On 10/12/2020 6:26, David Ahern wrote:
> On 12/9/20 1:15 AM, Boris Pismenny wrote:
>> On 09/12/2020 2:38, David Ahern wrote:
[...]
>>
>> There is more to this than TCP zerocopy that exists in userspace or
>> inside the kernel. First, please note that the patches include support for
>> CRC offload as well as data placement. Second, data-placement is not the same
> 
> Yes, the CRC offload is different, but I think it is orthogonal to the
> 'where does h/w put the data' problem.
> 

I agree

>> as zerocopy for the following reasons:
>> (1) The former places buffers *exactly* where the user requests
>> regardless of the order of response arrivals, while the latter places packets
>> in anonymous buffers according to packet arrival order. Therefore, zerocopy
>> can be implemented using data placement, but not vice versa.
> 
> Fundamentally, it is an SGL and a TCP sequence number. There is a
> starting point where seq N == sgl element 0, position 0. Presumably
> there is a hardware cursor to track where you are in filling the SGL as
> packets are processed. You abort on OOO, so it seems like a fairly
> straightfoward problem.
> 

We do not abort on OOO. Moreover, we can keep going as long as
PDU headers are not reordered.

>> (2) Data-placement supports sub-page zerocopy, unlike page-flipping
>> techniques (i.e., TCP_ZEROCOPY).
> 
> I am not pushing for or suggesting any page-flipping.

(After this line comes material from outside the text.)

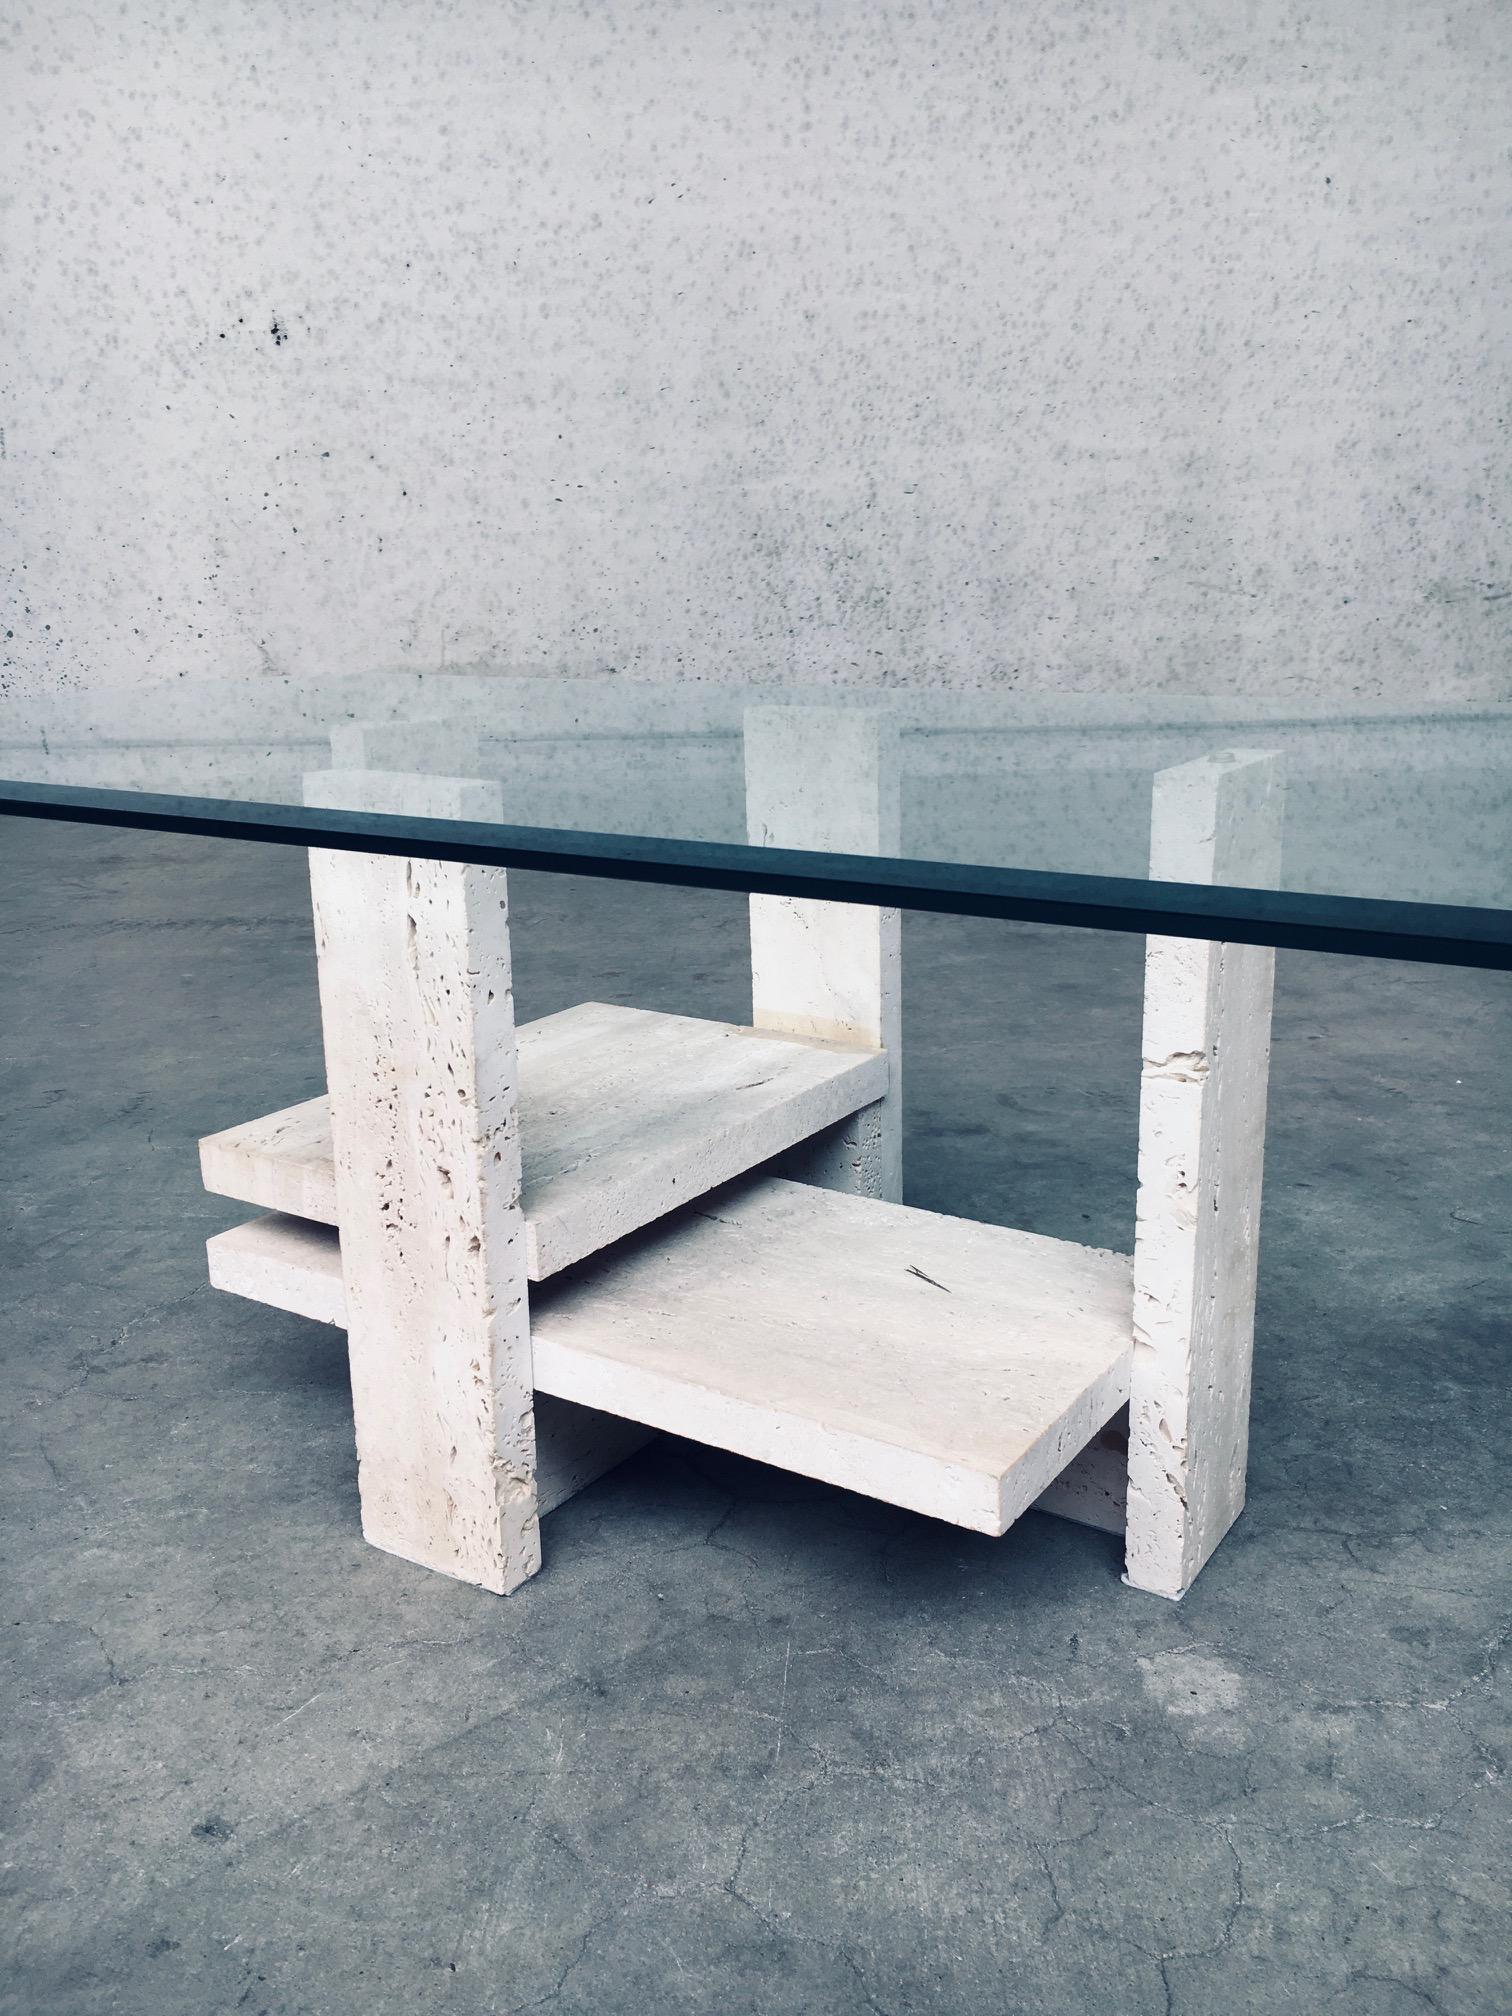 Brutalist Design Travertine Coffee Table by Willy Ballez, Belgium 1970's For Sale 12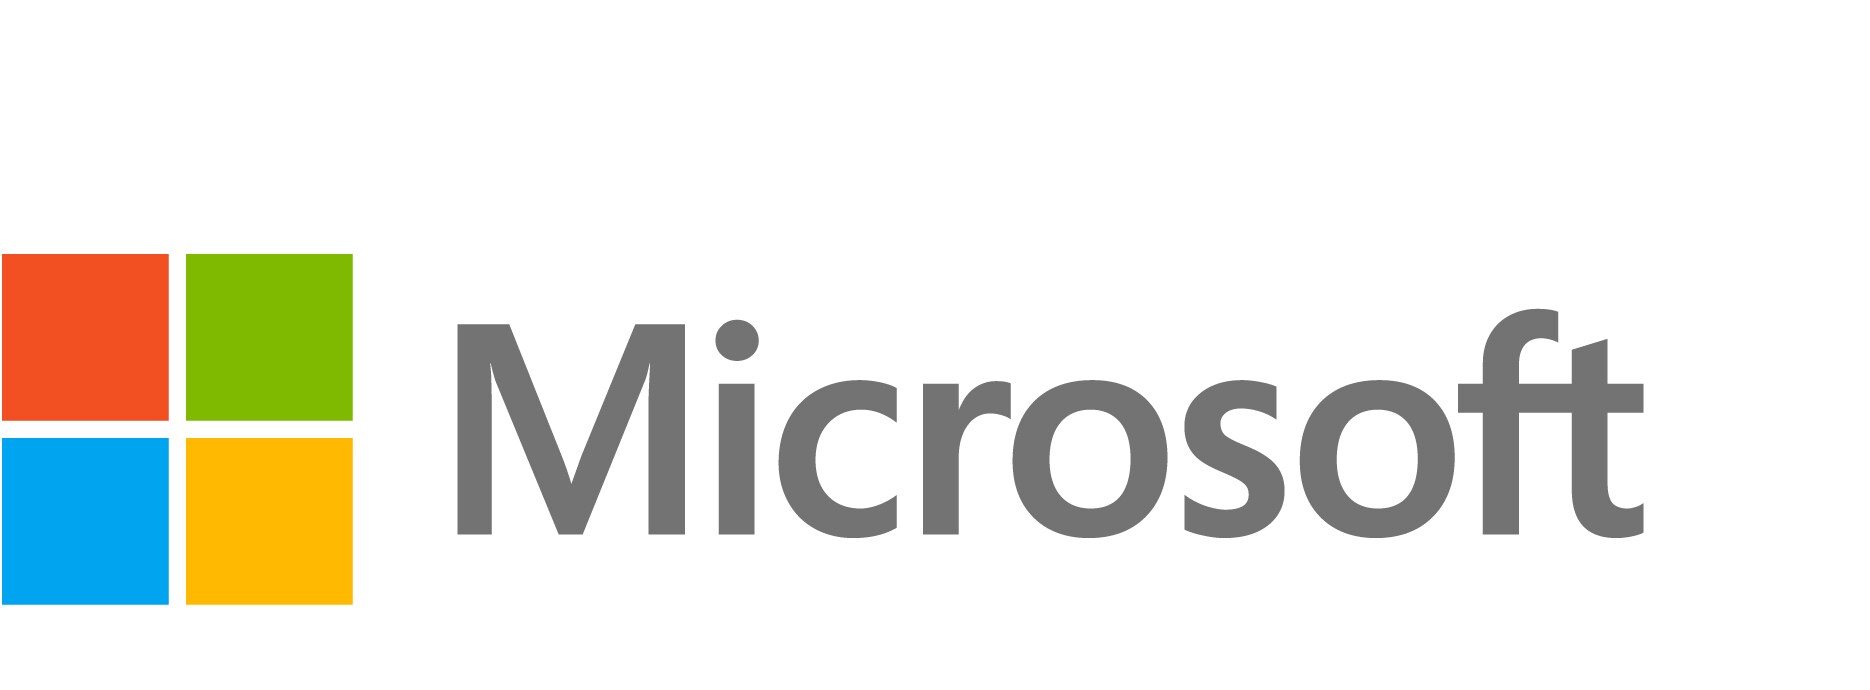 MS PROJECT SERVER 2019 USER CAL NCE

I understand the
> limitations of that approach.
> 
>> (3) Page-flipping can't work for any storage initiator because the
>> destination buffer is owned by some user pagecache or process using O_DIRECT.
>> (4) Storage over TCP PDUs are not necessarily aligned to TCP packets,
>> i.e., the PDU header can be in the middle of a packet, so header-data split
>> alone isn't enough.
> 
> yes, TCP is a byte stream and you have to have a cursor marking last
> written spot in the SGL. More below.
> 
>>
>> I wish we could do the same using some simpler zerocopy mechanism,
>> it would indeed simplify things. But, unfortunately this would severely
>> restrict generality, no sub-page support and alignment between PDUs
>> and packets, and performance (ordering of PDUs).
>>
> 
> My biggest concern is that you are adding checks in the fast path for a
> very specific use case. If / when Rx zerocopy happens (and I suspect it
> has to happen soon to handle the ever increasing speeds), nothing about
> this patch set is reusable and worse more checks are needed in the fast
> path. I think it is best if you make this more generic — at least
> anything touching core code.
> 
> For example, you have an iov static key hook managed by a driver for
> generic code. There are a few ways around that. One is by adding skb
> details to the nvme code — ie., walking the skb fragments, seeing that a
> given frag is in your allocated memory and skipping the copy. This would
> offer best performance since it skips all unnecessary checks. Another
> option is to export __skb_datagram_iter, use it and define your own copy
> handler that does the address compare and skips the copy. Key point -
> only your code path is affected.

I'll submit V2 that is less invasive to core code:
IMO exporting __skb_datagram_iter and all child functions
is more generic, so we'll use that.

> 
> Similarly for the NVMe SGLs and DDP offload - a more generic solution
> allows other use cases to build on this as opposed to the checks you
> want for a special case. For example, a split at the protocol headers /
> payload boundaries would be a generic solution where kernel managed
> protocols get data in one buffer and socket data is put into a given
> SGL. I am guessing that you have to be already doing this to put PDU
> payloads into an SGL and other headers into other memory to make a
> complete packet, so this is not too far off from what you are already doing.
> 

Splitting at protocol header boundaries and placing data at socket defined
SGLs is not enough for nvme-tcp because the nvme-tcp protocol can reorder
responses. Here is an example:

the host submits the following requests:
+--------+--------+--------+
| Read 1 | Read 2 | Read 3 |
+--------+--------+--------+

the target responds with the following responses:
+--------+--------+--------+
| Resp 2 | Resp 3 | Resp 1 |
+--------+--------+--------+

Therefore, hardware must hold a mapping between PDU identifiers (command_id)
and the corresponding buffers. This interface is missing in the proposal
above, which is why it won't work for nvme-tcp.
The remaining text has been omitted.